Under the intriguing heading, "After Century in a Log Cabin, Emma Buck
Dies at 100 or 101," the NY Times ran an affecting obituary
the other day for Emma Buck, who died on the Illinois farm "originally
settled by Miss Buck's maternal great-grandparents,
Christian and Christina Henke, German immigrants from East Friesland
who came by boat from New Orleans and settled in western Illinois,
about 35 miles down river from St. Louis, in 1841."

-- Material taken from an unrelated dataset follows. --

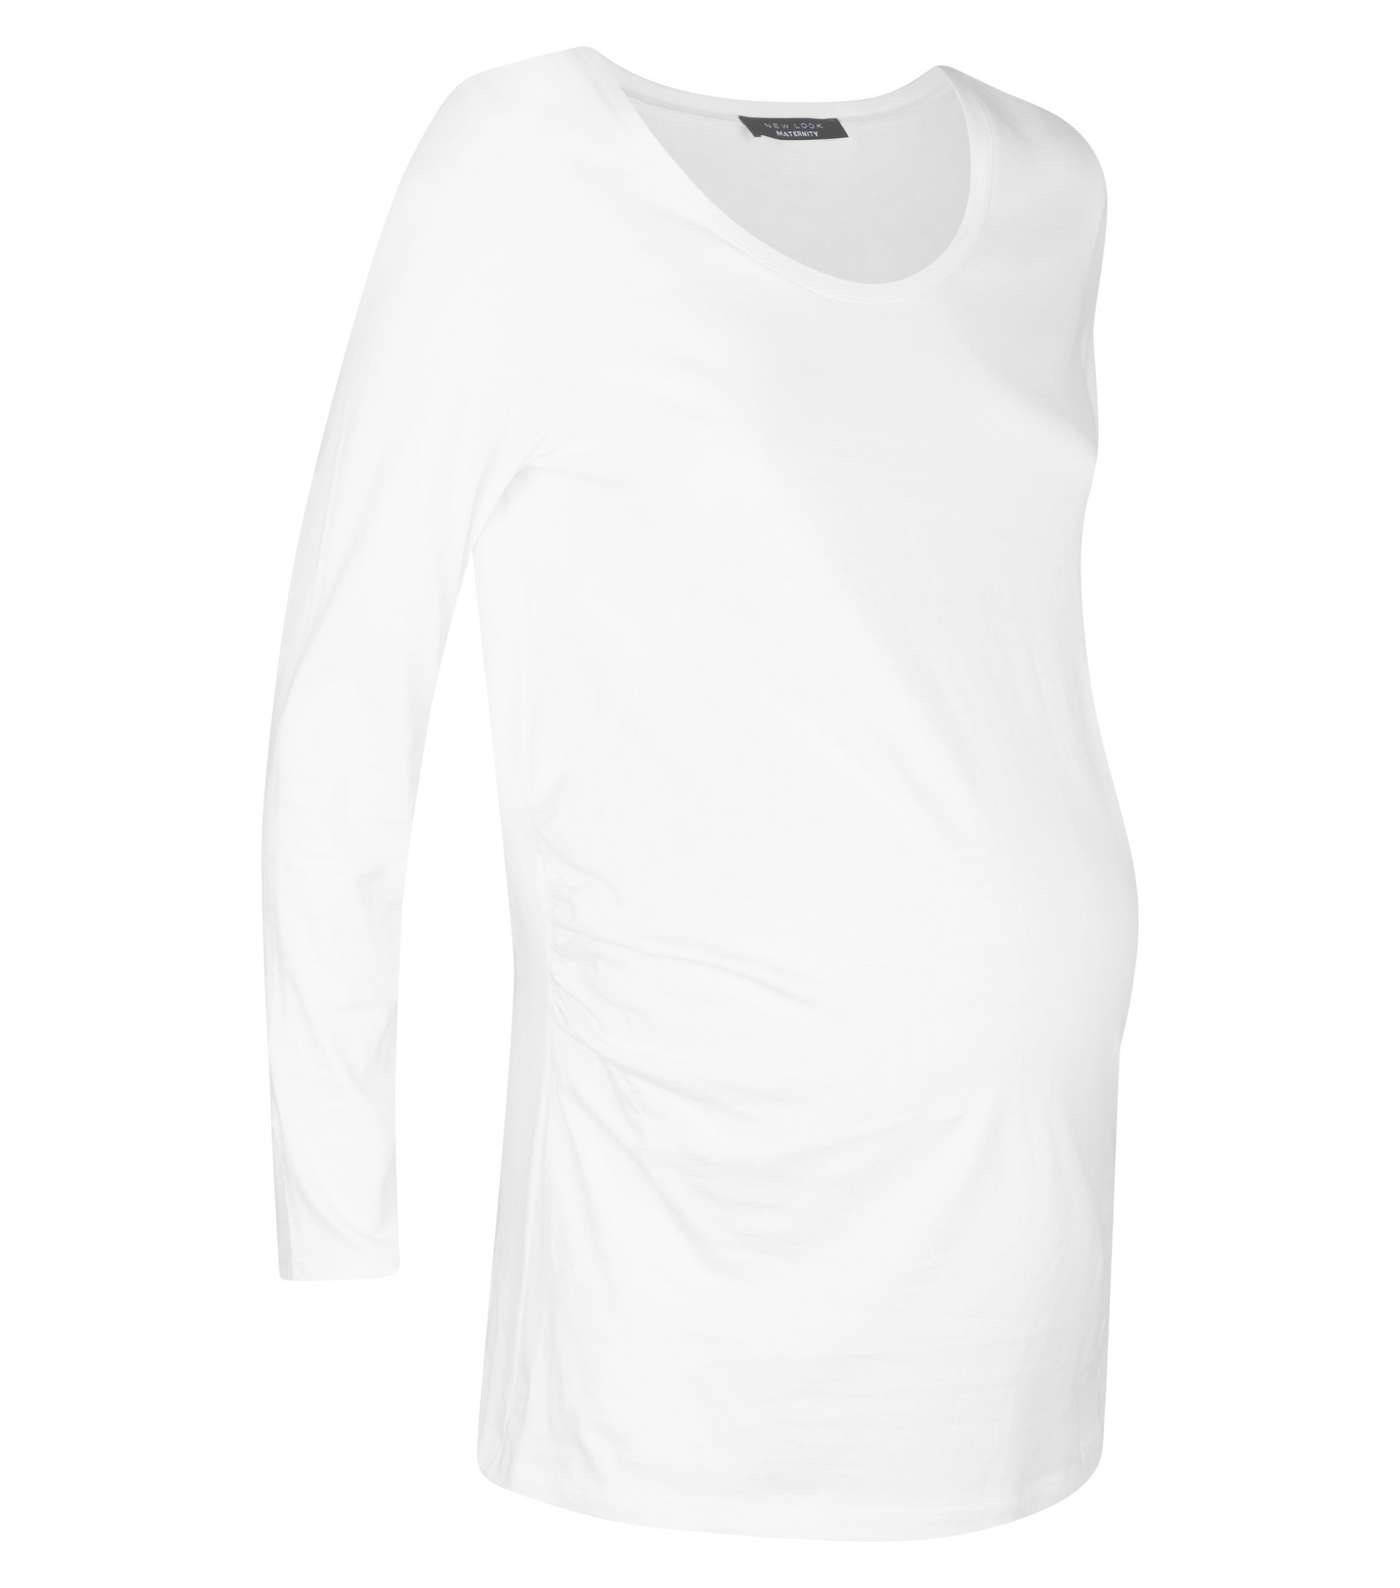 Maternity White Long Sleeve Top Image 4

What caught my eye was that Ms. Buck was described in the piece as
"speaking in a thick German accent." That's a dramatic reminder of how
tenacious foreign languages could be in rural America in the 19th
and early 20th centuries. It's unimaginable that any child born today
whose great-grandparents immigrated to America before the Second World
War would still be speaking English with an accent -- in fact such a
child is almost certain to grow up knowing no more of his or her
ancestral language than the names of a few ethnic dishes, at best. But
that's the specter Semantic
Compositions considers in a thoughtful post entitled "Huntington contra
Nunberg," which contrasts some of the things I have said
about English-only in a recent LanguageLog post
and an earlier article
in The American Prospect with
the views offered by Samuel Huntington in his recent book Who
Are We? (The post is the third of a four-part discussion of
Huntington, of which the other parts are here,
here
and here.)
As SC notes, Huntington acknowledges that patterns of Spanish retention suggest that Hispanics are following the same pattern of linguistic assimilation that earlier generations do -- though, as the Times obituary reminds us, a lot more rapidly than people did a century ago. But Huntington also suggests, as SC puts it, that "this time it's different." SC offers a cogent summary of Huntington's arguments:
Looking at Mexican immigration patterns since 1975, Huntington identifies several features which are distinctly different from previous generations of immigrants: substantially higher proportions of illegal immigration than any other ethnic group, high regional concentration (most notably in the Southwest , Florida, and New York City), persistence (no significant closing of the borders has occurred in the past 30 years), and historical presence (unlike all other migrant groups, Mexicans have a plausible ownership claim to American territory grounded in historical facts), and finally, a government which encourages the mindset that emigrants are still Mexicans first and foremost.
SC's response to this is too complex and nuanced for me to summarize here, but he winds up giving credance to the possibility of the specter that Huntington raises, though allowing that "It is probably 30-40 years too early to attempt to verify these claims empirically." And in his fourth and final post, gives a qualified endorsement to some of the symbolic measures that Huntington advocates -- a roll-back of Executive Order 13166, for example, which mandates the accommodation of LEP speakers for programs receiving federal funding (apart from the provision of emergency services), and an end to offering driver's licence tests in languages other than English.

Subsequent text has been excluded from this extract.